• _Extracted information_:
■ ■ ■ ■ ■ ■ ■

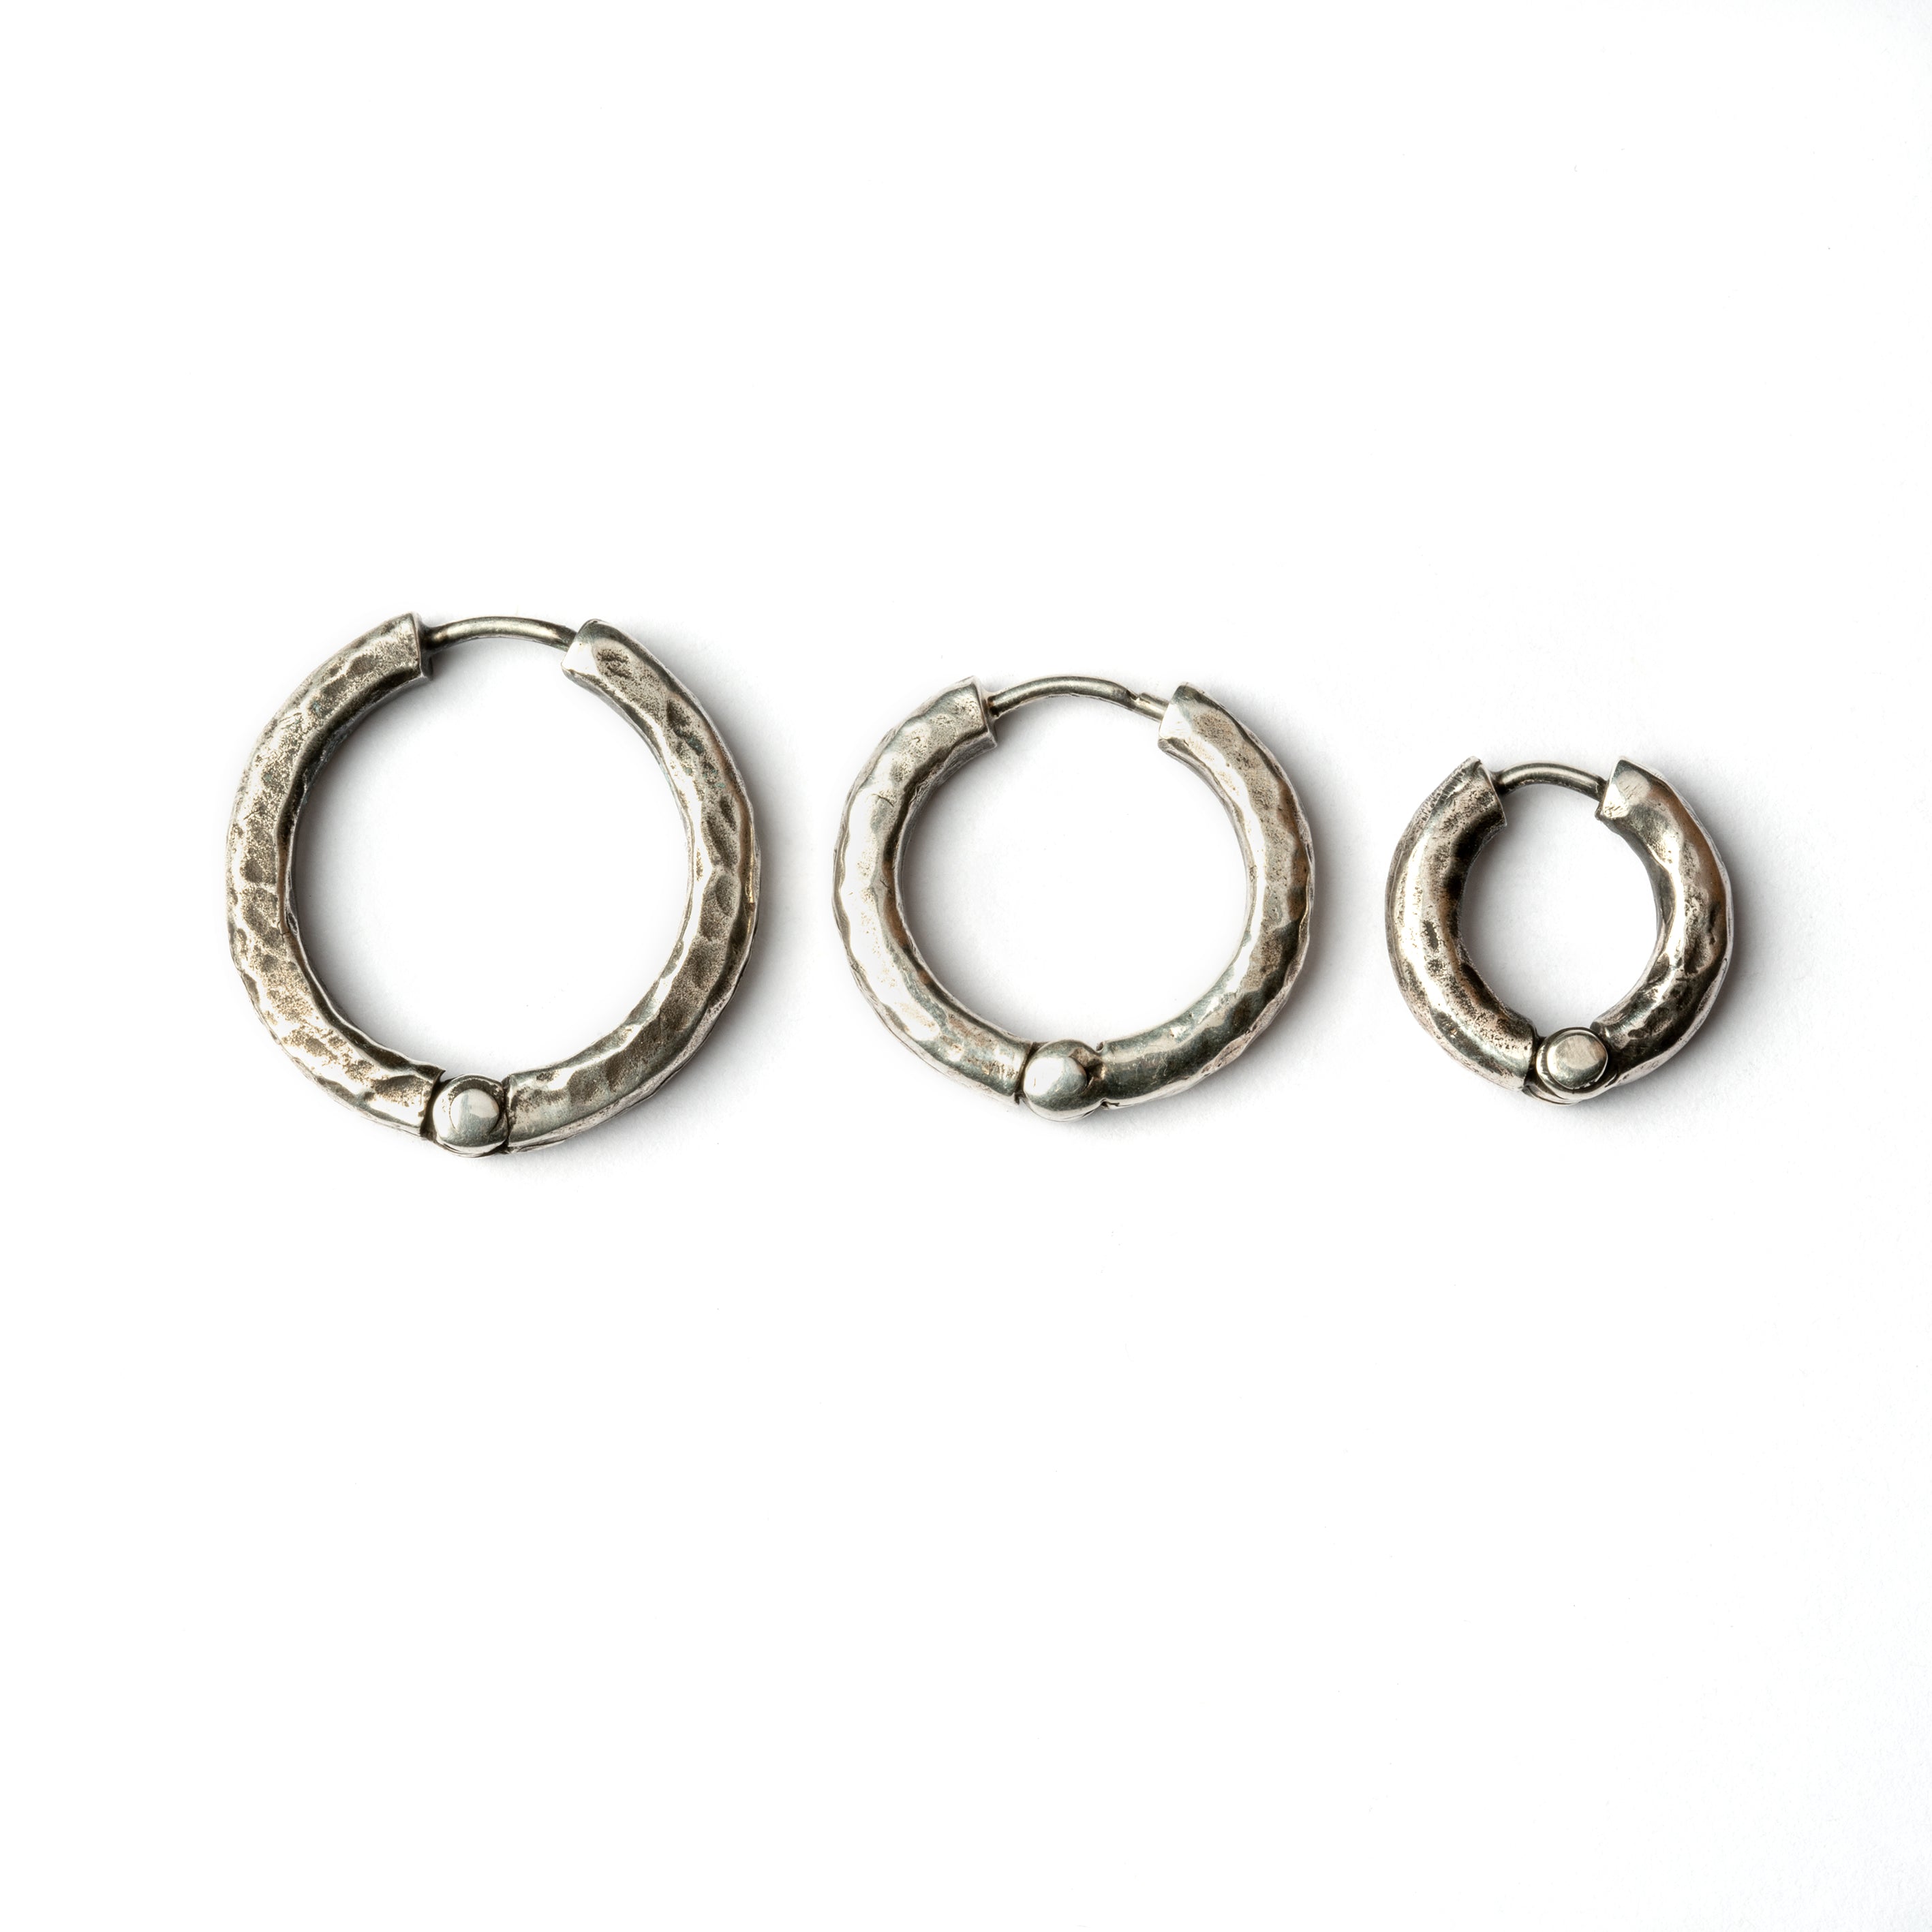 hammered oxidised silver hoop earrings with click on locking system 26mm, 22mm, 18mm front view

■ ■ ■ ■ ■ ■ ■

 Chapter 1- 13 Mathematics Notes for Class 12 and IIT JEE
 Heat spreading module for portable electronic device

■ ■ ■ ■ ■ ■ ■

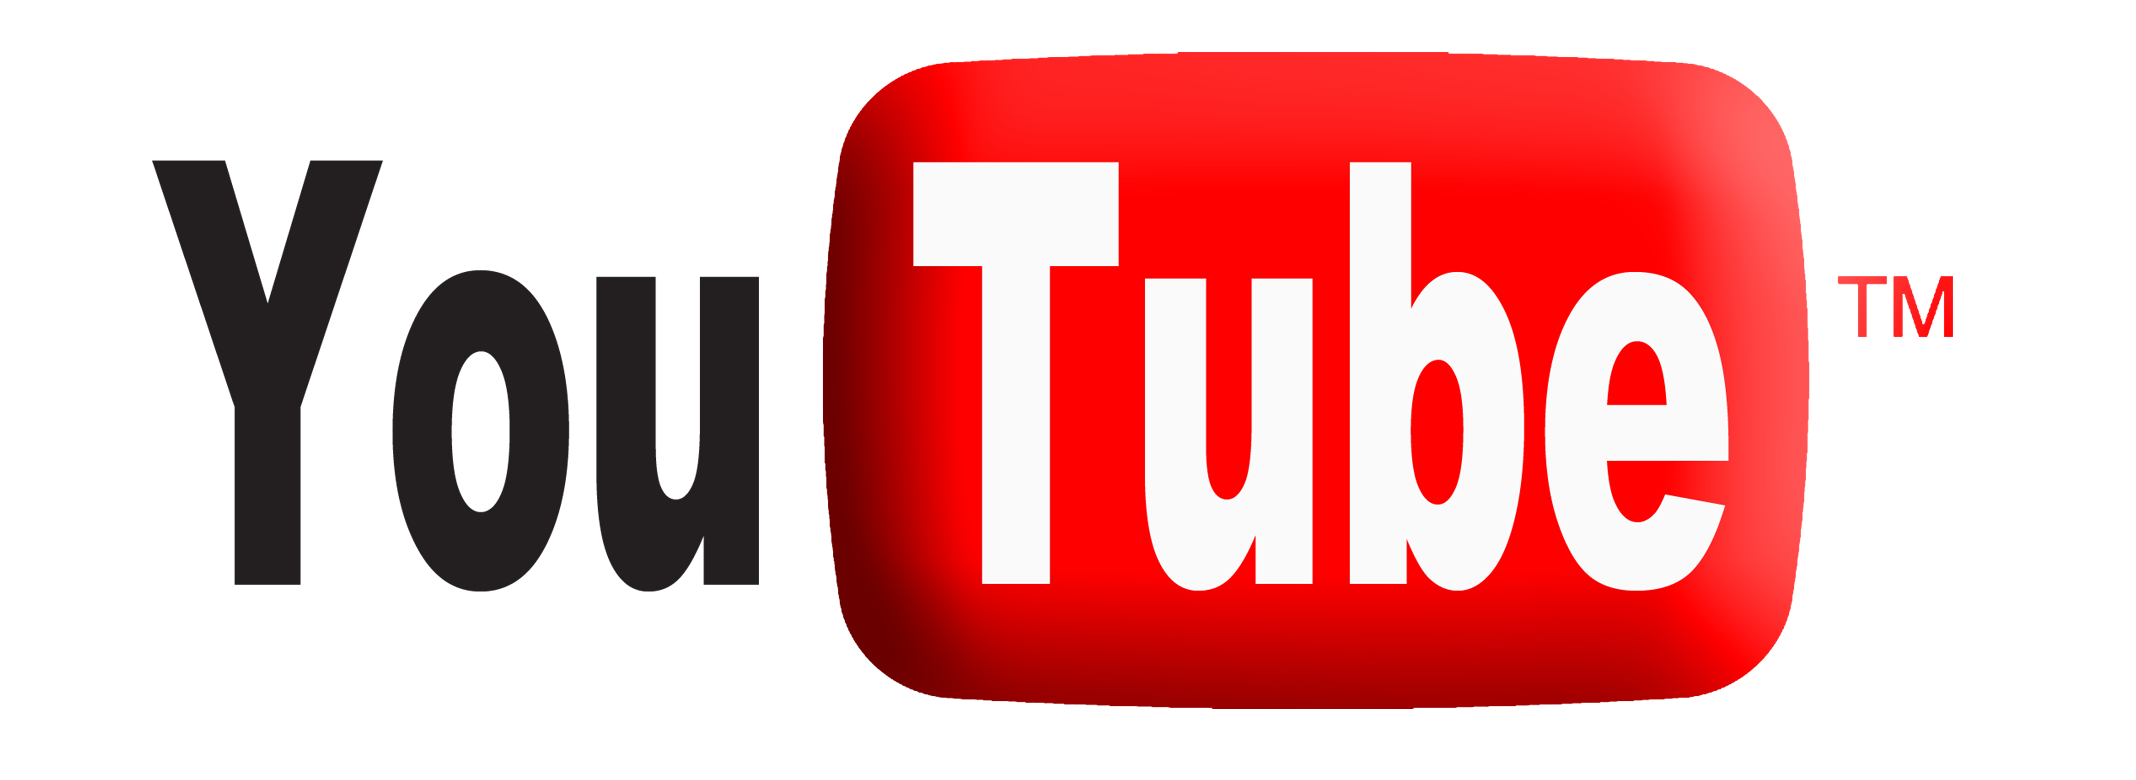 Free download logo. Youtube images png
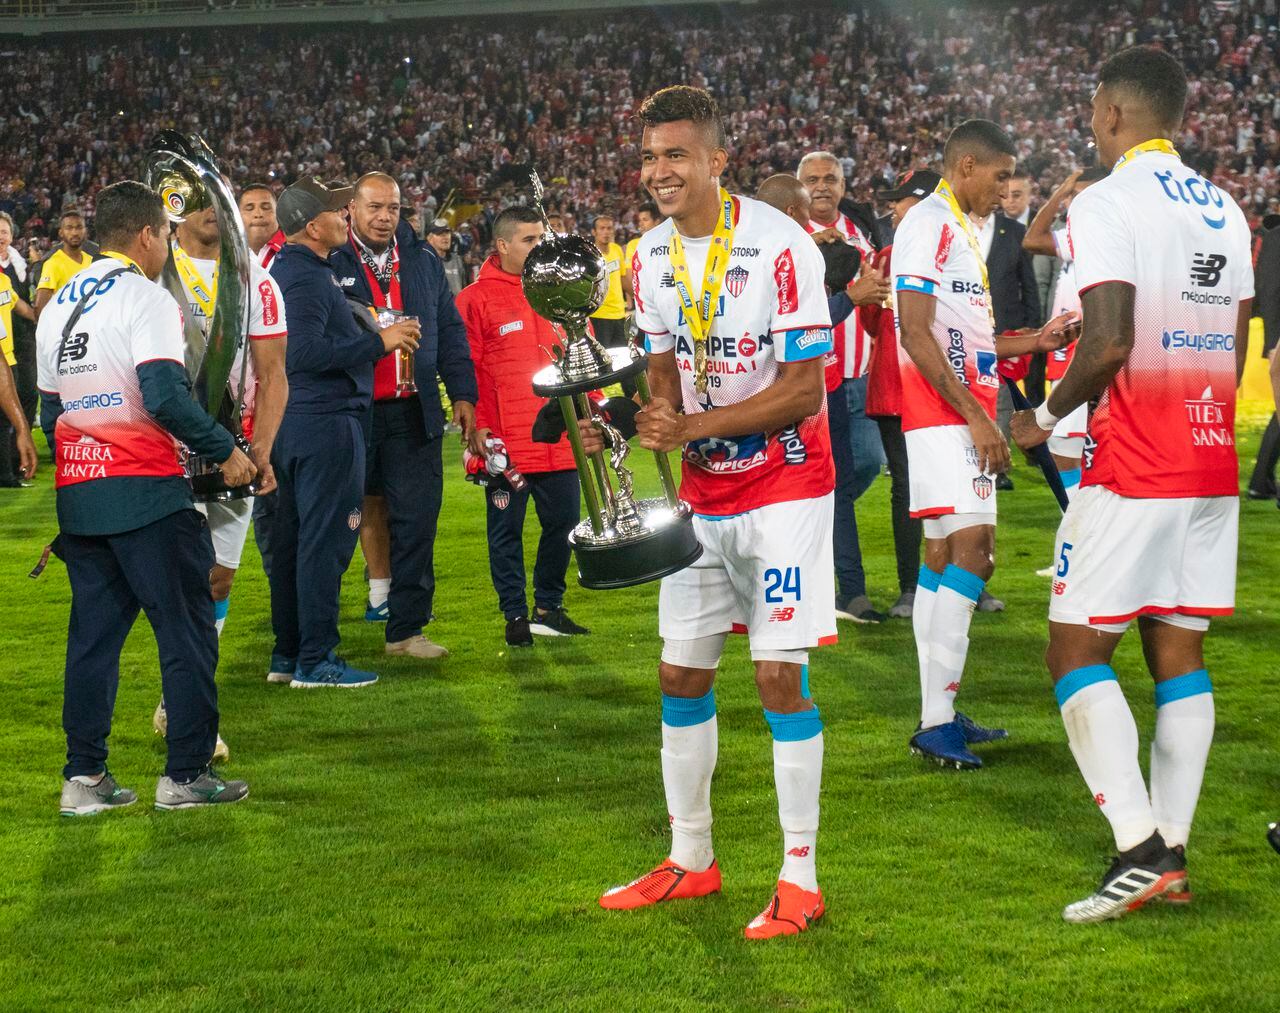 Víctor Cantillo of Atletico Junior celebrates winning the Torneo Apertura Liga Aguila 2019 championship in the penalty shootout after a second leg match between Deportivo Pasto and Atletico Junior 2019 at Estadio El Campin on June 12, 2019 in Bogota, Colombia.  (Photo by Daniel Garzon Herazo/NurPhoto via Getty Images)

■ ■ ■ ■ ■ ■ ■

• _Your goal_:
Beginning at the line above that contains "Chapter 1- 13", return each line exactly through the line that contains "Heat spreading module", and no others.

• _Response to the exercise_:
 Chapter 1- 13 Mathematics Notes for Class 12 and IIT JEE
 Heat spreading module for portable electronic device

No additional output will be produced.